With their fleshy, vibrant green-yellowish leaves, they make a great addition to any garden or home, especially if you want to brighten up your indoor space.
The Sedum Lemon Ball also produces beautiful star-shaped flowers that are bright yellow and combine perfectly with the foliage. These plants usually start blooming in the late spring or early summer.
Their distinctive fragrance will attract hummingbirds, bees, and butterflies!
Due to all of these features, the Lemon Ball Sedum looks a lot like the Lemon Coral plant or the “Angelina” species, though they cannot take the heat as well as the Lemon Ball.
How To Take Care Of A Lemon Ball
When it comes to caring for the Lemon Ball Sedum, it is quite simple — you don’t have to worry about constant watering, sunburn, or nutrient deficiencies!
We’ll still take a look at a brief care guide for this plant because it still has some basic growing requirements.
One of the best features of the Lemon Ball Sedum is that it is drought-tolerant and actually prefers dry soil. Therefore, you won’t have to water it every single day.
You should water it once the soil has completely dried out.
One of the issues that comes from the water requirements is overwatering. If you keep watering these plants too frequently, they will turn yellow and eventually die.
Soil & Fertilizer Requirements
The Sedum Lemon Ball thrives in well-drained soil with pH levels around 6.5. However, they can grow perfectly well in poor soils that are a bit acidic or alkaline. If you grow the plant in sandy soil, you will have to water it more often because this type of soil does not retain moisture.
Make sure that the pot has drainage holes in the bottom because they are crucial for draining excess water and preventing root rot.
You can apply granular fertilizers once a year.
Light & Temperature Requirements
They absolutely love full sun and warm temperatures. However, Stonecrops can also tolerate partial shade.
They need at least 6 hours of part sun; however, they won’t grow as vigorously as they would in the full sun. These plants are also known for tolerating very hot temperatures.
Pruning & Propagating
The best way to propagate this succulent is by using a stem cutting in the early summer. You can also prune the plant to maintain its unique shape, though I usually only trim off the dead foliage.
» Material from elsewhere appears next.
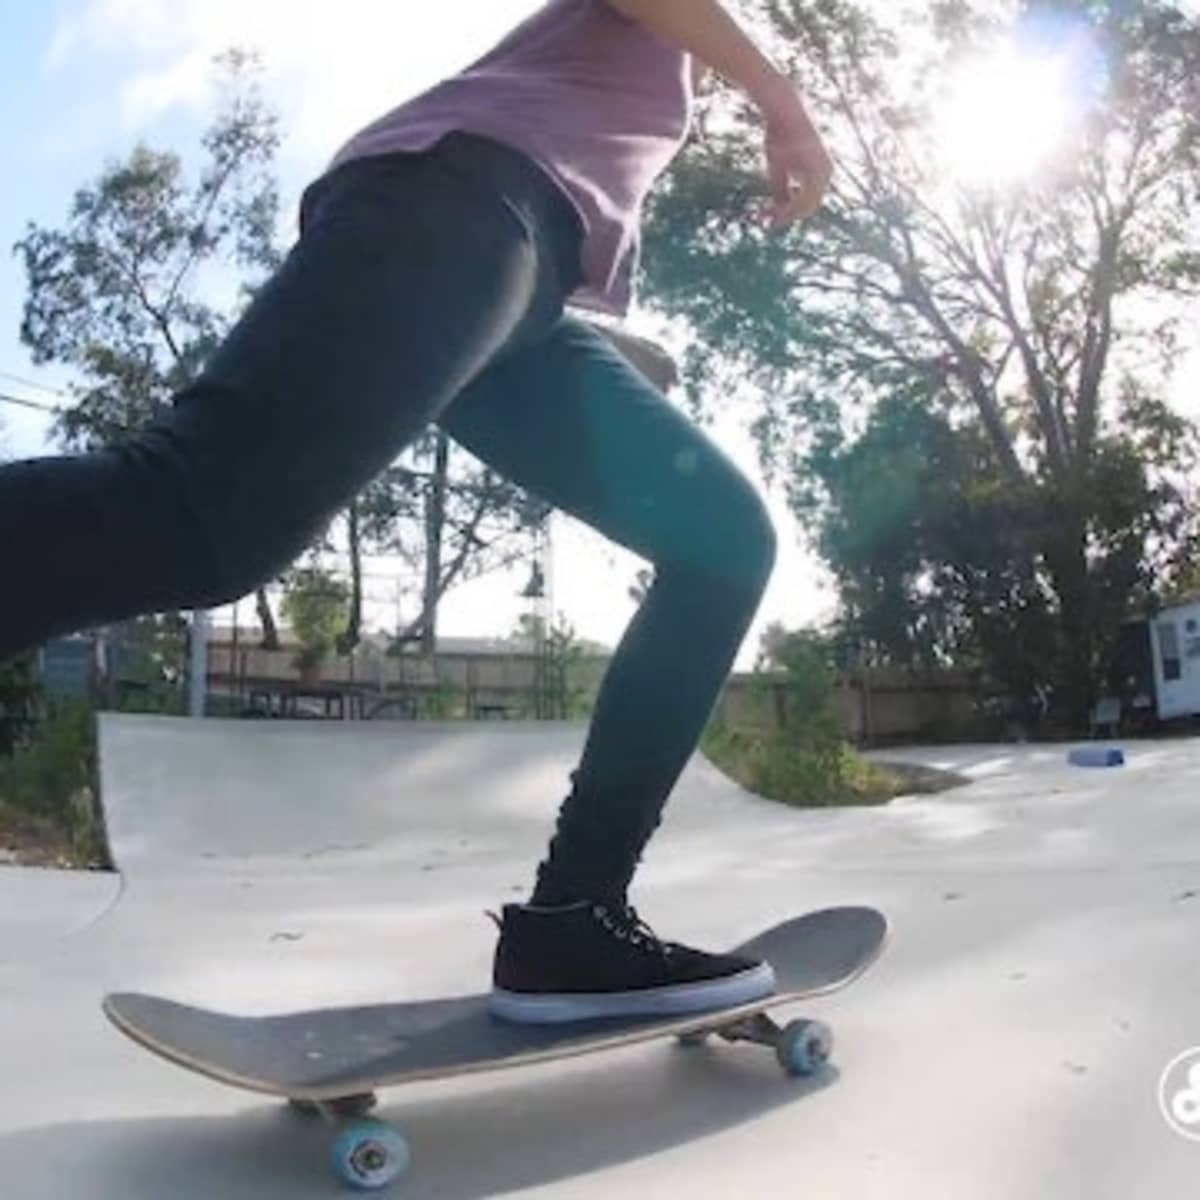 How to Skateboard: The Ultimate Beginner's Guide with Step-by-Step
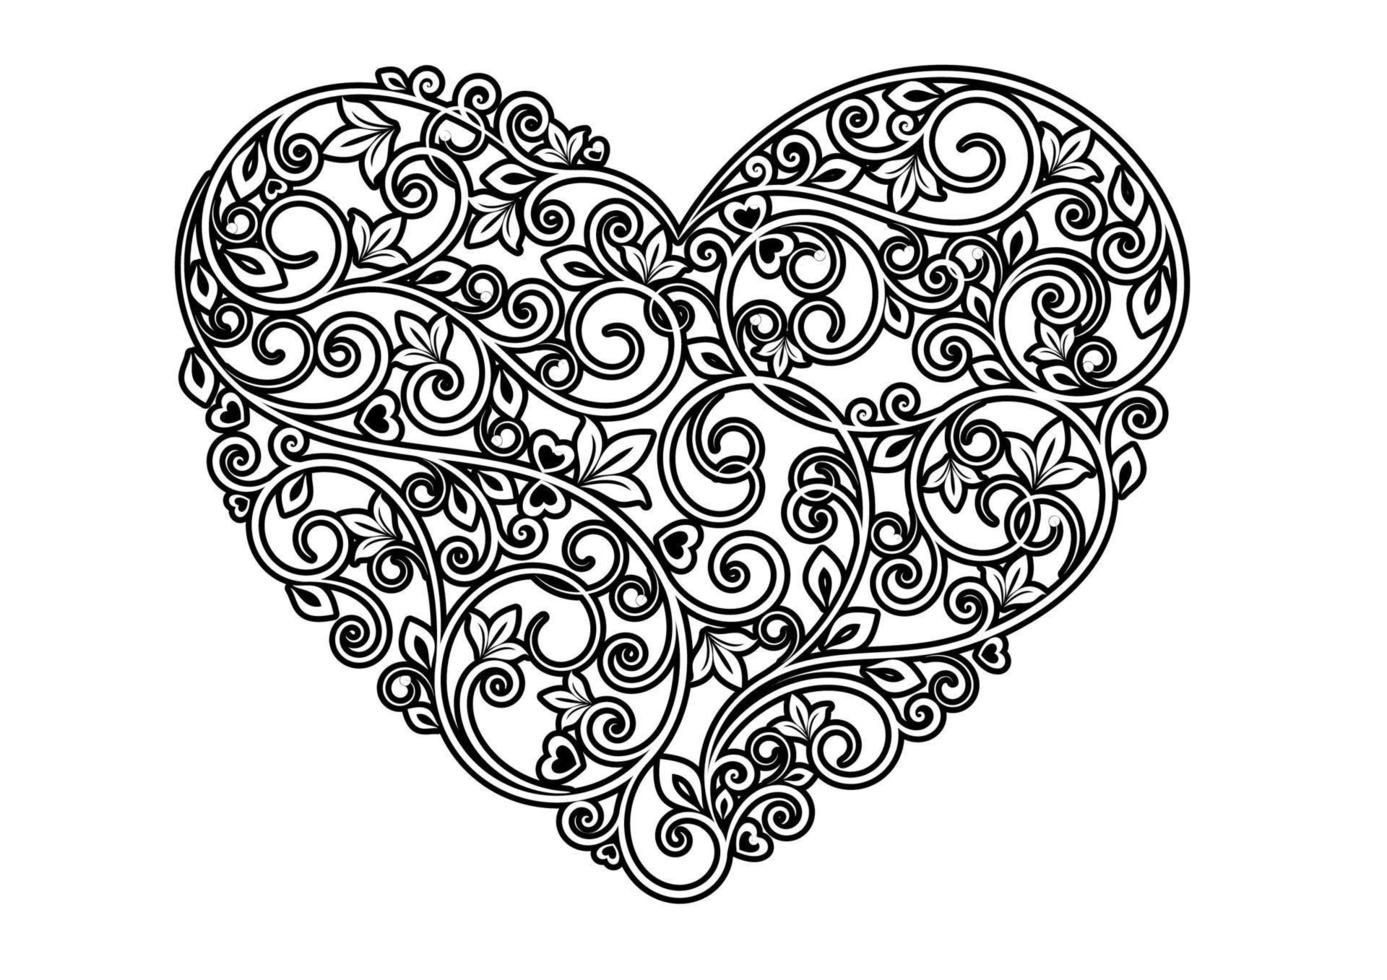 Floral heart with ornamental elements vector

Common Issues With Lemon Ball Sedum
You won’t have any major issues when it comes to pests and diseases because these plants are very pest-resistant. The main issue is overwatering, which is usually accompanied by root rot — a deadly fungal disease caused by wet soil.
To Sum Up
The Lemon Ball Sedum is definitely a plant that deserves to be in your garden, especially if you are a newbie who is just entering the gardening world.
Keep them in full sun, provide them with well-draining soil, and water them once the soil completely dries out — this is all it takes to keep these precious plants alive!
I hope this article was helpful, have a plant-tastic day!